5) and integrating the production data, the monitoring data and the video data at the time of the fault or the abnormality into abnormal event data, and associating the abnormal detection result for the MES system to inquire and analyze.
Compared with the prior art, the invention has the advantages that:
based on an MES early warning system, by collecting a field real-time video to an MES system from a key node of a bottom industrial field, comprehensively evaluating an evaluation index of production abnormity, browsing and retrieving a video record, and performing abnormity monitoring and fault diagnosis, the method can be used for abnormity monitoring and fault diagnosis of a digital workshop, and can confirm the warning level of the production abnormity through comprehensively evaluating the current production abnormity condition;
the system integrates data in multiple aspects, and takes production data, monitoring data and video data as event data to be comprehensively analyzed and managed, so that the future development state of production abnormal time is better known, measures are taken in time, the production process is ensured to be in a safe and orderly state, abnormal conditions can be early warned through analysis of the current production state and historical data accumulation, the production quality is ensured, and the production benefit is continuously improved.
Drawings
Fig. 1 is a schematic structural diagram of a fault comprehensive analysis system based on an MES system according to the present invention.
Detailed Description
The following examples are for illustrative purposes only and are not intended to limit the scope of the present invention.
Examples
Referring to fig. 1, a fault comprehensive analysis system based on an MES system includes an information acquisition subsystem, an analysis subsystem, a diagnosis subsystem, and a real-time monitoring module;
the information acquisition subsystem comprises a video acquisition module, a log data acquisition module and an integration module;
the video acquisition module is configured in a key link of a bottom industrial control field, acquires a bottom industrial control field video in real time, attaches a timestamp and transmits the bottom industrial control field video to the integration module;
the log data acquisition module is used for acquiring log data in the production process, attaching a time stamp to the log data and transmitting the log data to the integration module;
the integration module integrates the field video and the log data into filing data according to the timestamp and transmits the filing data to the analysis subsystem;
the analysis subsystem comprises an analysis module and a storage module;
the analysis module displays, stores, analyzes and retrieves the industrial control field video sent by the integration module, and extracts video data information;
in the step of collecting all production fault data and carrying out classified management by the analysis module according to the acquired log data, the production abnormal conditions comprise test abnormality, artificial abnormality and tool abnormality; the analysis module divides each type of fault into an artificial fault, a cable fault, a board card fault and a fault of a damaged part caused by misoperation; the analysis module analyzes the fault and then sends the fault to the storage module for storage;
the diagnosis subsystem comprises an abnormality monitoring module and a fault diagnosis module, wherein the fault diagnosis module integrates production data, data of multiple sensors in a production field and video data information of a video processing and analysis module, extracts abnormal events, gives an alarm, analyzes abnormal reasons, extracts keyword data after analyzing the abnormal reasons and stores the keyword data in a storage module of the analysis subsystem;
the abnormality monitoring module carries out fault detection on data output by the integration module in real time and extracts maintenance rate in production fault data to calculate qualification rate; when the qualification rate is lower than the set early warning threshold value, the qualification rate is taken to define the mail role of the corresponding product and the mail sent by the user mailbox for fault early warning;
the real-time monitoring module integrates on-site real-time production data, monitoring data and video data into event data, and sends the event data to the classifier for classification and abnormity judgment.

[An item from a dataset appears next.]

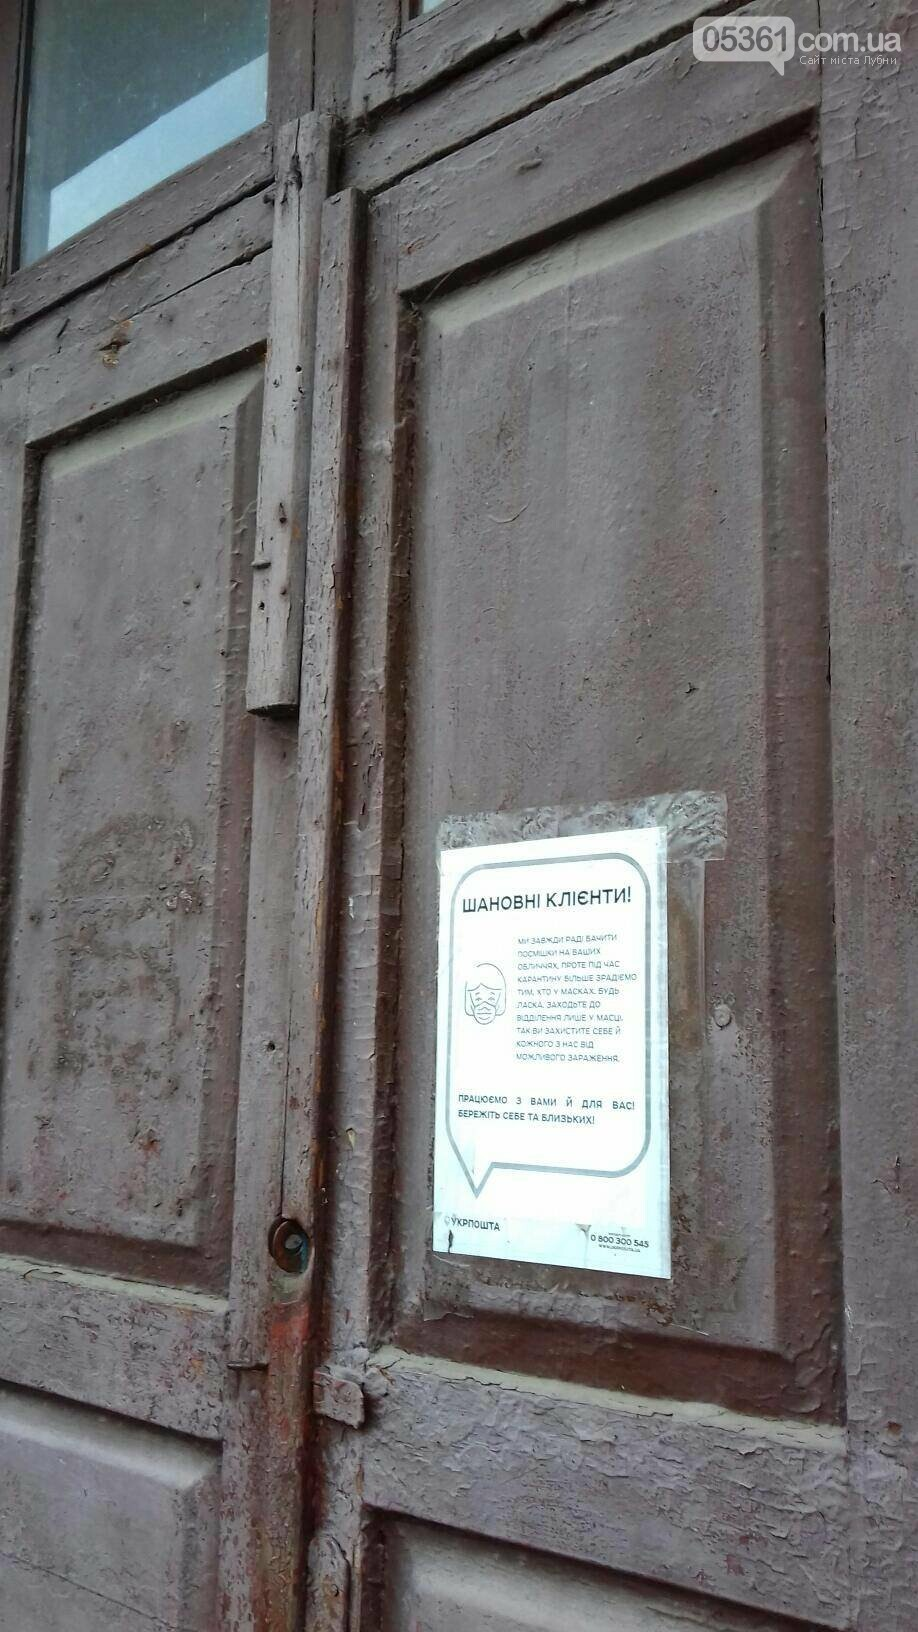 Капсули часу в Лубнах, фото-5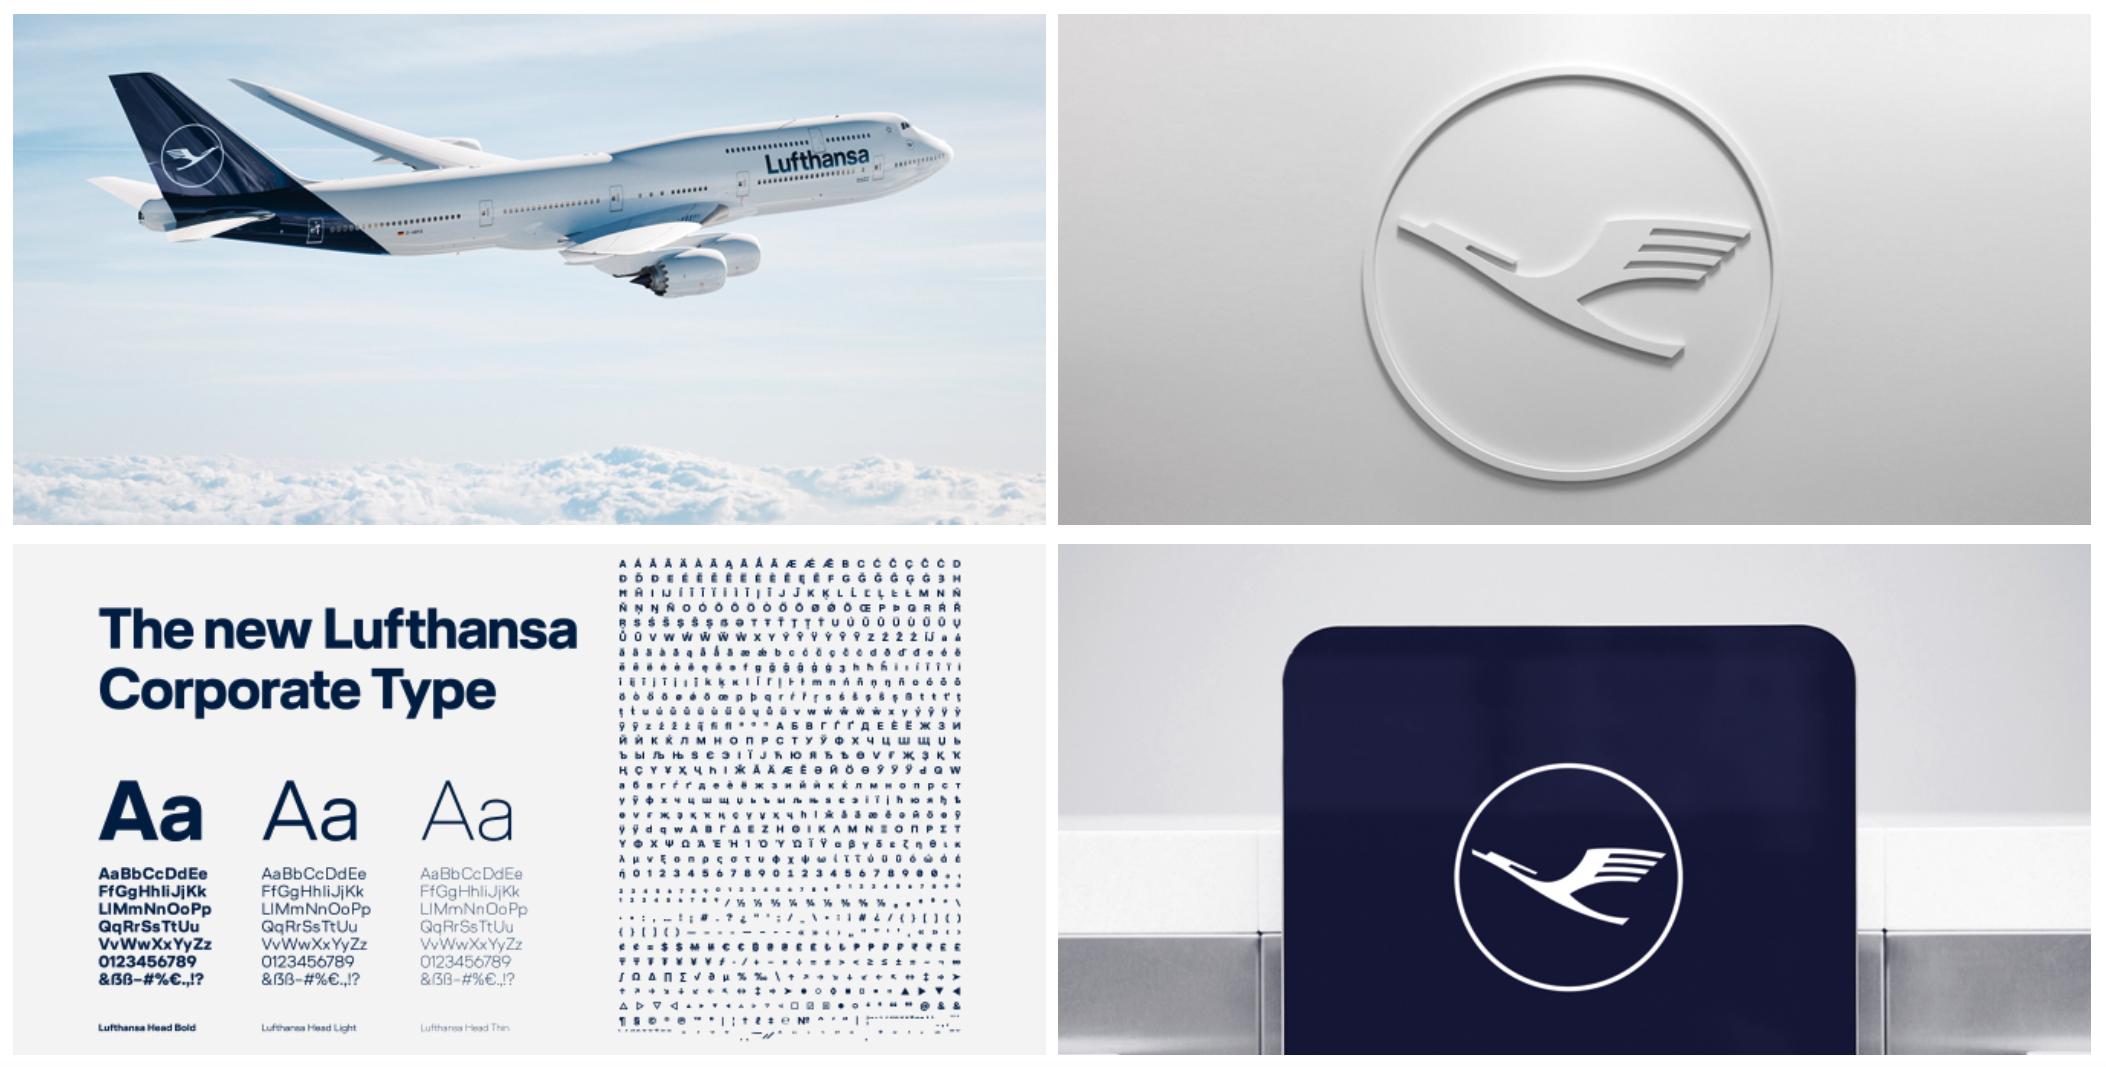 Lufthansa Branding

The abnormality monitoring module receives production data, multi-sensor monitoring data and video data information and judges the running state of equipment;
if the abnormal state exists, alarming is carried out and the abnormal event data is integrated to be used for the query and analysis of the MES system so as to realize the function of monitoring the abnormality;
when the MES system receives the equipment fault alarm or the abnormal state, the analysis module and the abnormal monitoring module perform offline analysis on the data: the analysis module analyzes video data of a fault or abnormal time period, marks abnormal areas and extracts abnormal event data; meanwhile, the abnormity monitoring and fault diagnosis module collects production data at an abnormal time interval, multi-sensor monitoring data and video data information, judges equipment faults and abnormal types, analyzes reasons and gives an alarm, and integrates the data into abnormal event data for the MES system to inquire and analyze so as to realize a fault diagnosis function.
When the judgment qualified rate is lower than the set early warning threshold value, the step of taking the qualified rate to define the mail role of the corresponding product and the mail sent by the user mailbox for carrying out fault early warning specifically comprises the following steps:
if the qualification rate is lower than the set early warning threshold value, the qualification rate is taken to define the mail role and the user mailbox of the corresponding product;
sending the mail to a first-level person for reminding and storing an overtime reminding state; wherein, it is set that first-class personnel receive the warning information processed in the threshold value of the first time.
The method comprises the following steps that the abnormality monitoring module judges the qualification rate of the abnormal reason output by the fault diagnosis module, sets the qualification rate of 90% as an early warning threshold value, and when the qualification rate is lower than the set early warning threshold value, the qualification rate is taken to define a station mailbox of a corresponding product to send a mail to perform fault early warning, wherein the steps specifically comprise:
when the qualification rate is lower than a set early warning threshold value, the qualification rate is taken to define a station of a corresponding product to send a mail to carry out early warning on the time, position and state of abnormal production;
and if the qualification rate is not lower than the set early warning threshold value, not triggering the mail early warning.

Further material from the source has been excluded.